Research Observatory

The Model Mesh

A research fleet of up to 100 small open-weight GGUF language models on local hardware. Below is the honest, recorded benchmark - which model is fastest, which reasons best, and how it was verified - rendered server-side with no scripts.

Prove all things; hold fast that which is good. — 1 Thessalonians 5:21

Fleet & Benchmark

Recorded research benchmark · 2026-06-23 · run on the operator workstation. A research observatory, not a live public service.

Fleet catalog
Up to 100 local GGUF models

A research catalog (the 100-model manifest) of small open-weight GGUF models on local disk - roughly 80 GB of weights. About 16 llama-server instances were wired across ports in the 8460-8506 range for the benchmark.

Benchmark coverage
14 servers benchmarked healthy

Of the 16 registered servers, 14 answered health and inference probes on 2026-06-23. The two that were offline were pre-existing instances on reserved ports, which was expected.

Reasoning crown
phi-3.5-mini (3.8B)

phi-3.5-mini was the only model verifiably correct across all three probes - a transitive-logic puzzle, a coding one-liner, and an order-of-operations math problem - at a useful speed. It is the reasoning crown of this fleet.

Fastest router
smollm2-135m - 14.3 tok/s

The 135M micro-model was fastest at inference - a good fit for ultra-fast routing and triage in front of the larger brains.

Verification
Pointer-pack replays: 0 mismatches

Atomized model pointer-packs were replayed against their sources with 20 samples each and reported zero mismatches - the recorded verification pass for the benchmarked set.

Public availability
Internal research - not a public API

The model mesh runs on the operator workstation for research. It is not exposed publicly and is not served from this web host; this page only reports the recorded findings.

How the benchmark worked

Each live server was probed with a small fixed battery at temperature 0: a reasoning puzzle, a coding task, a math problem, a quick factual chat, and an instruction-format check. Health latency and tokens-per-second were measured per server. The goal was an honest map of which small local model is good at what - not a leaderboard against frontier models. These are CPU-class results for tiny open-weight models, recorded to guide routing decisions inside the estate.
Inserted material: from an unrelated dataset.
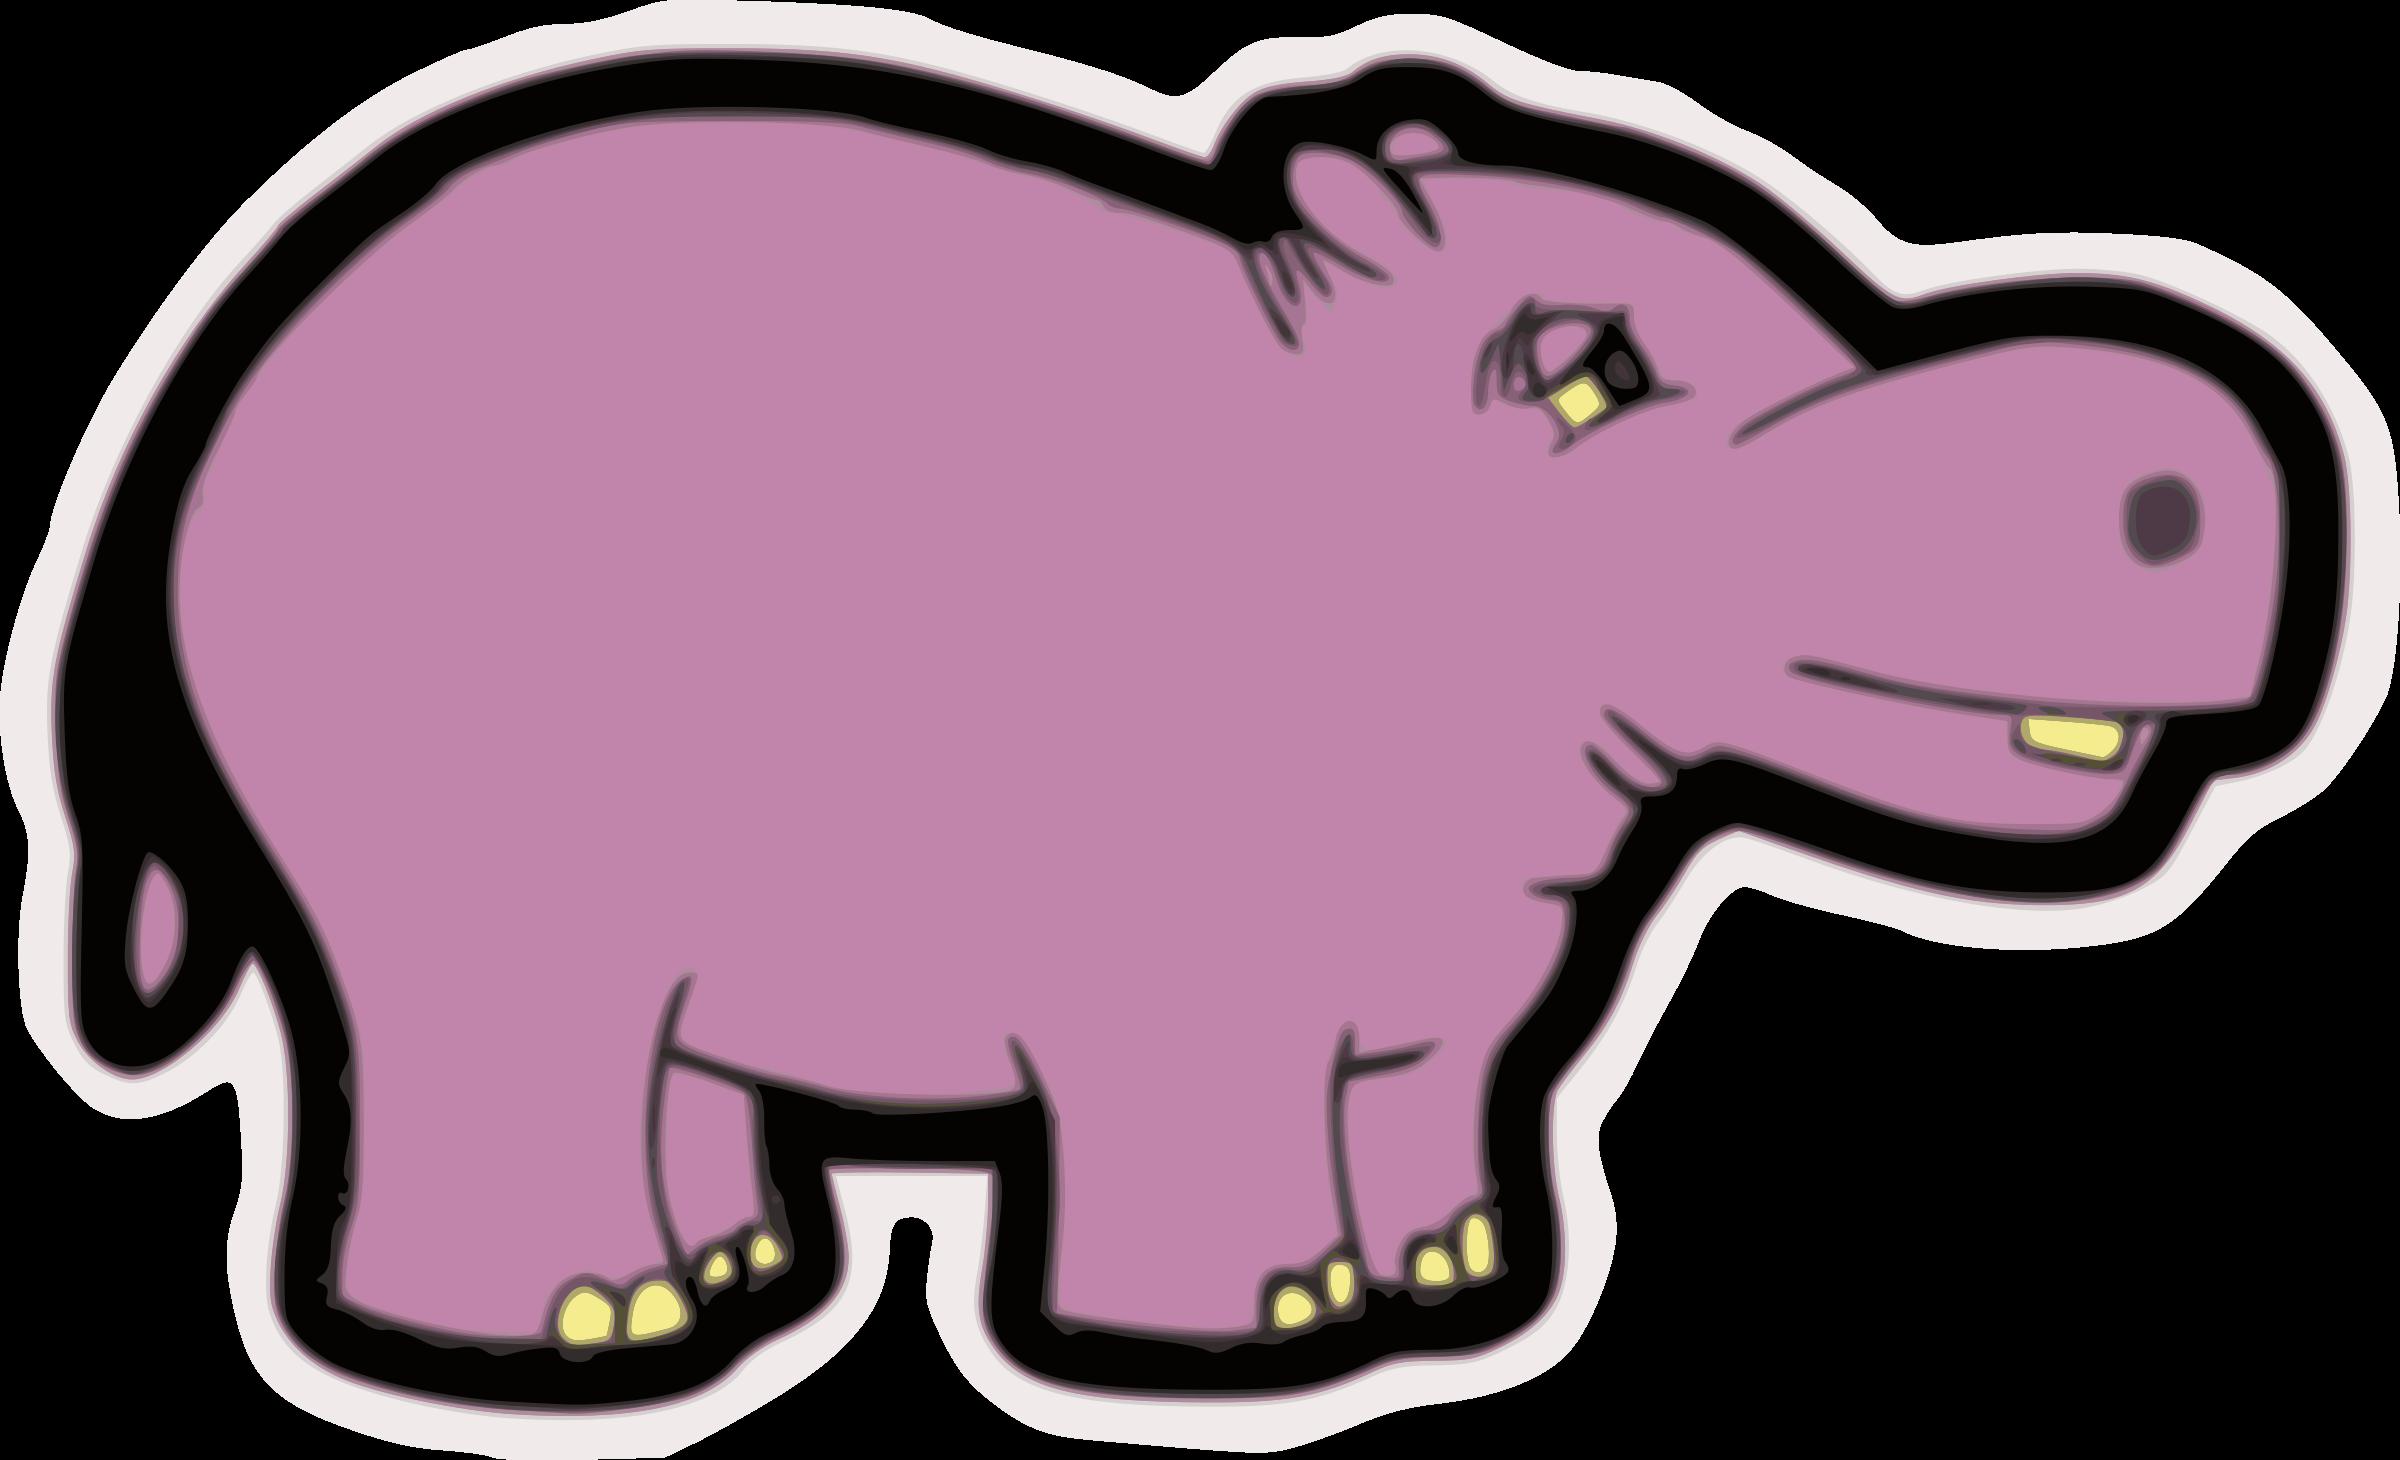 Hippopotamus clipart purple. Hippo big image png

Honest scope: "100" is the target catalog size, not 100 simultaneously live servers. Figures are from a single recorded benchmark on 2026-06-23 on local hardware and will drift as models are added or retired. Nothing here is a claim about production capacity or a public endpoint.

Every figure on this page is a recorded research finding from a single benchmark on local hardware, not a live status of a public endpoint.